Transportation analyst suggests "highway utility" model for SC road funding

KDOT has approved bids for improvements on roads and brigdes.  

The ongoing debate about how to best fund South Carolina's roads and other infrastructure needs is sure to dominate the upcoming legislative session.

At the heart of that debate will be a push to increase the state's gasoline sales tax.

However, one transportation analyst told Palmetto Business Daily that policymakers should be looking toward newer, unique solutions to fund our roads.

"The per-gallon tax on gasoline and diesel fuel was a reliable funding source for 20th century highways, but is becoming obsolete in the 21st century," said Bob Poole, director of Transportation Policy at the Reason Foundation. "The biggest reason is changes in vehicle propulsion, greatly increased fuel economy for conventionally fueled cars and trucks, a growing fraction of the fleet powered in part or completely by electricity and possible hydrogen fuel-cell propulsion. Vehicles impose the same wear and tear on highways regardless of propulsion source, so nearly all state DOTs and transportation researchers support a shift, over time, from per-gallon taxes to per-mile charges (mileage-based user fees)."

Poole, who also is a fellow at Searle Freedom Trust, advocates for a different way of thinking about highways.

"Everybody pays for highways today, mostly via fuel taxes, but also via registration fees," he said. "Likewise, everyone pays for electricity, natural gas, phone service, cable or satellite TV, etc., based on what they use."

A highway utility would be analogous, with fees based on miles driven instead of gallons of fuel consumed, Poole said.

"In the model presented in my forthcoming book, the per-mile charges would be paid directly to the highway provider, not to a government treasury," Poole said. "Part of the idea is to de-politicize the provision of highways, though government would have a regulatory role to play, as it does for other utilities."

Poole recently was featured in an online interview with Nicholas Gillespie, editor of and and former editor in chief of Reason magazine, about what can be expected in the nation's infrastructure under President-elect Donald Trump. While Trump’s comments during the campaign varied widely on most topics, he did propose spending almost half a trillion dollars on transportation, but has been vague about the details.

"What we know so far is that he talked a lot about crumbling infrastructure and the need to make America's infrastructure great again," Poole said in that interview. "This suggests a big new emphasis on some kind of federal transportation program."

Poole told Palmetto Business Daily that, while South Carolina has the nation's most cost-effective highway system, it falls short in a number of key areas, according to the Reason Foundation’s 2016 Annual Highway Report.

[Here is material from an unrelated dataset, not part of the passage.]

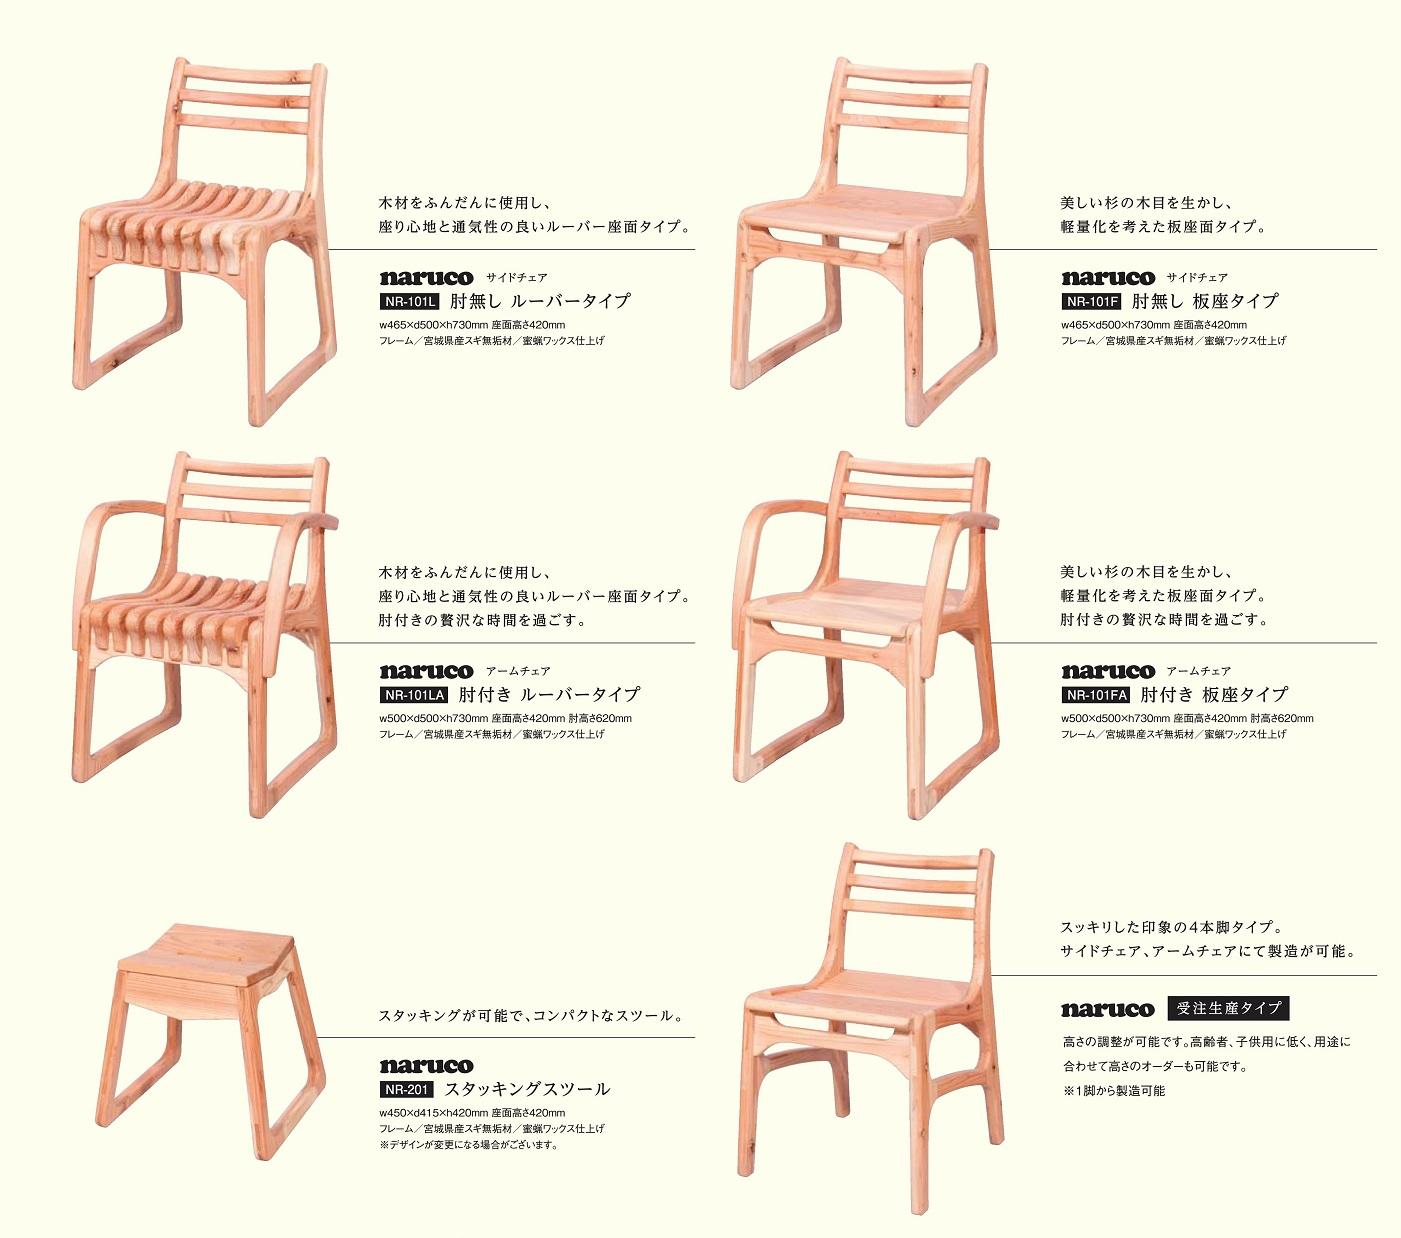 http://www.sustainalife.co.jp/about/%E6%A4%85%E5%AD%90%E7%94%BB%E5%83%8F1.jpg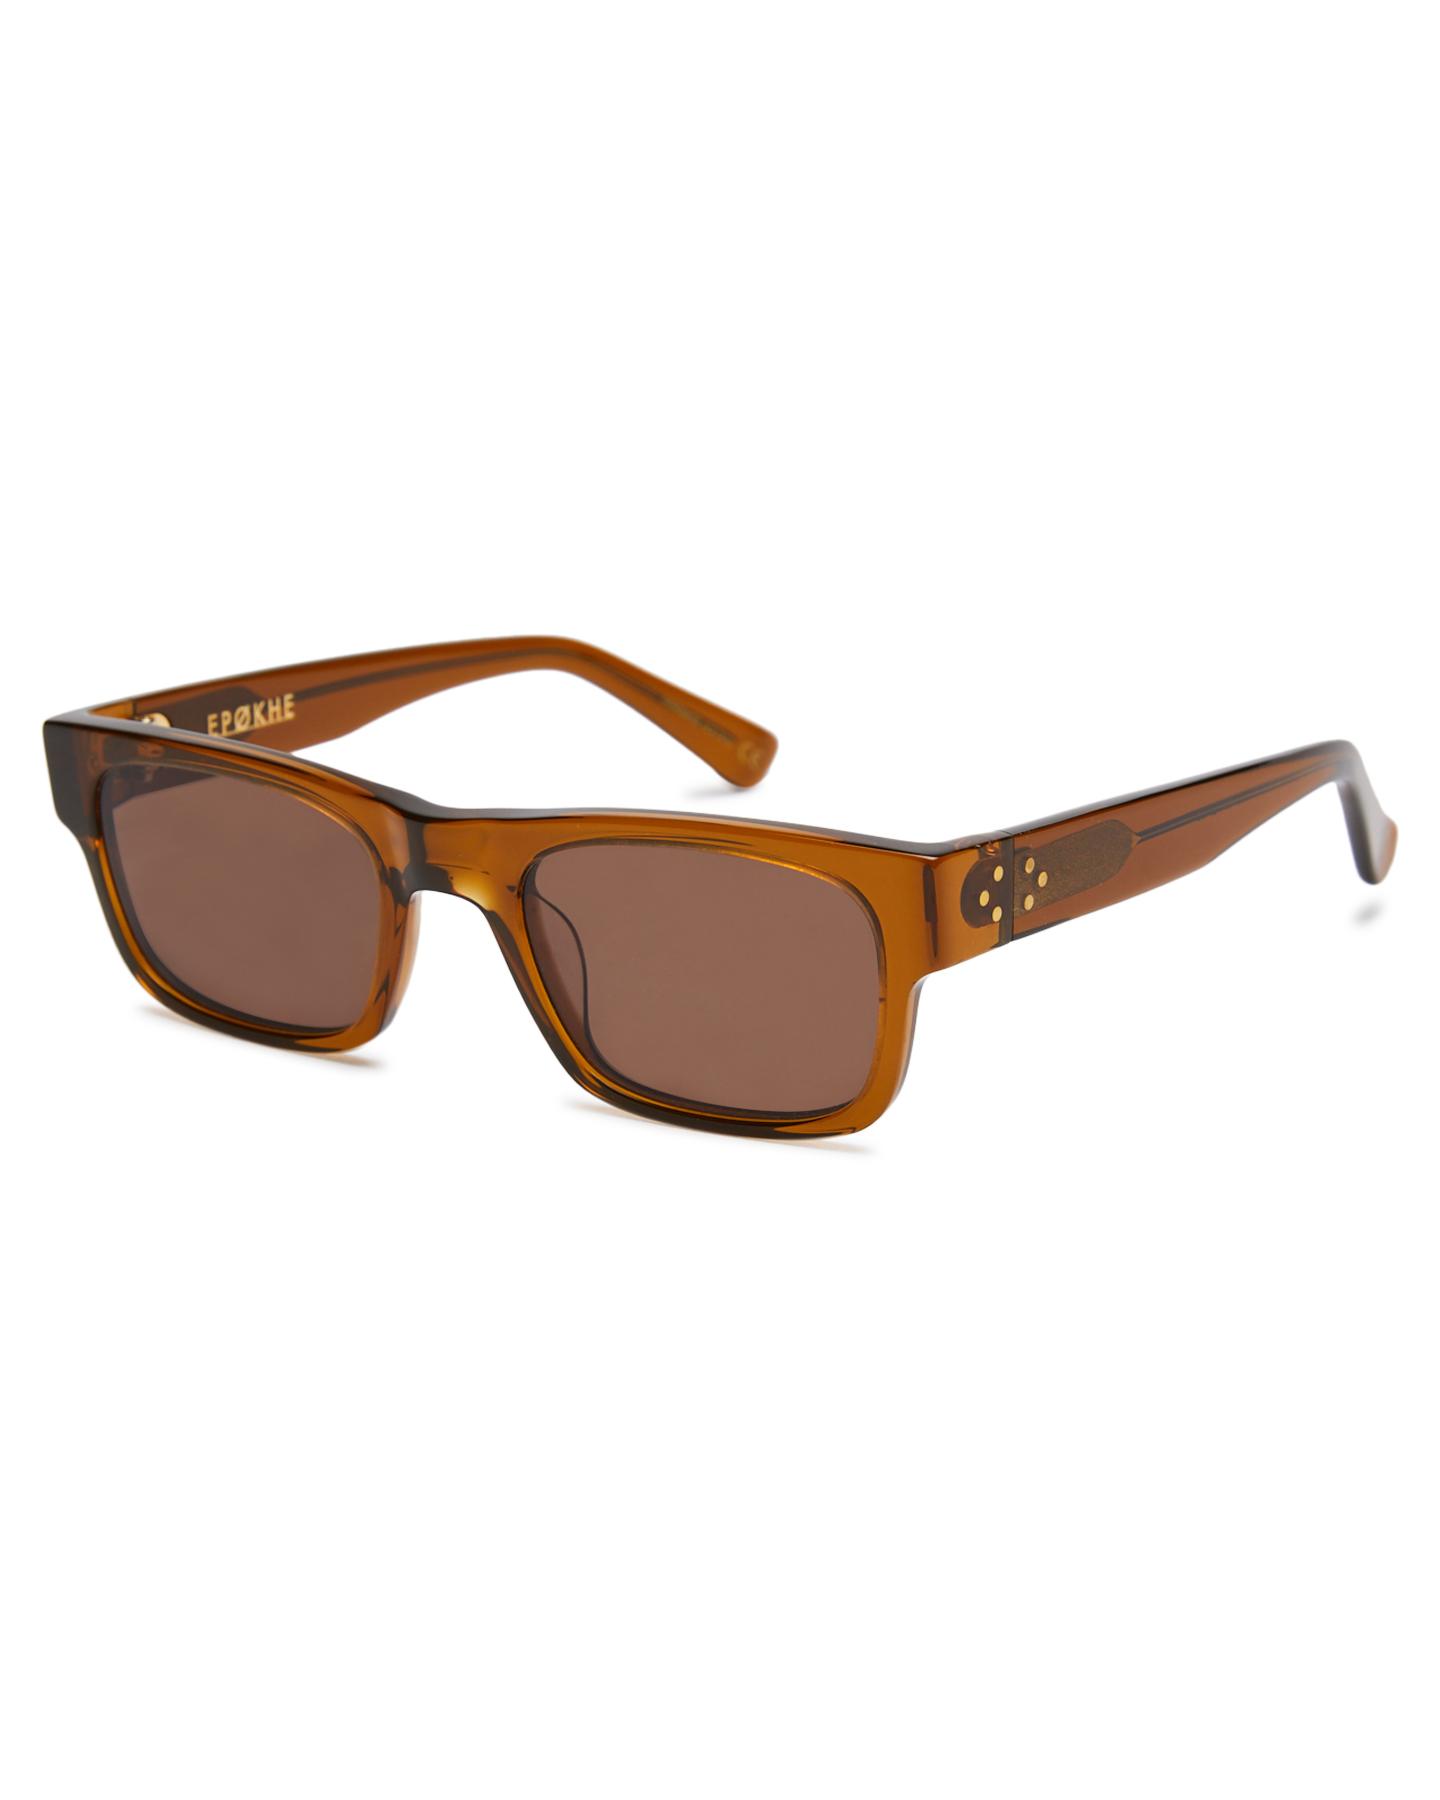 Epokhe Uzi Sunglasses Tobacco Polish Brnz Tobacco Polish Brnz

"SC has the most cost-effective highway system of the 50 states, getting more value per highway tax dollar than any other state," Poole said. "But it ranks poorly on deficient bridges, with 21 percent either structurally deficient or functionally obsolete. It has fairly serious congestion in urban areas, with the average motorist spending 32 hours per year stuck in traffic, but that is less than in the average state, which is 51 hours/year. It ranks 47th out of 50 states in high fatality rates, 1.57 per 100 million vehicle miles of travel - three times the rate of No. 1 Massachusetts."

Given these areas of concern, will policymakers continue to focus on an increase in the gas tax -- or could they embrace Poole's innovative idea of a "highway utility"?

Time will tell, but it's clear that South Carolina's transportation infrastructure is in serious need of an upgrade.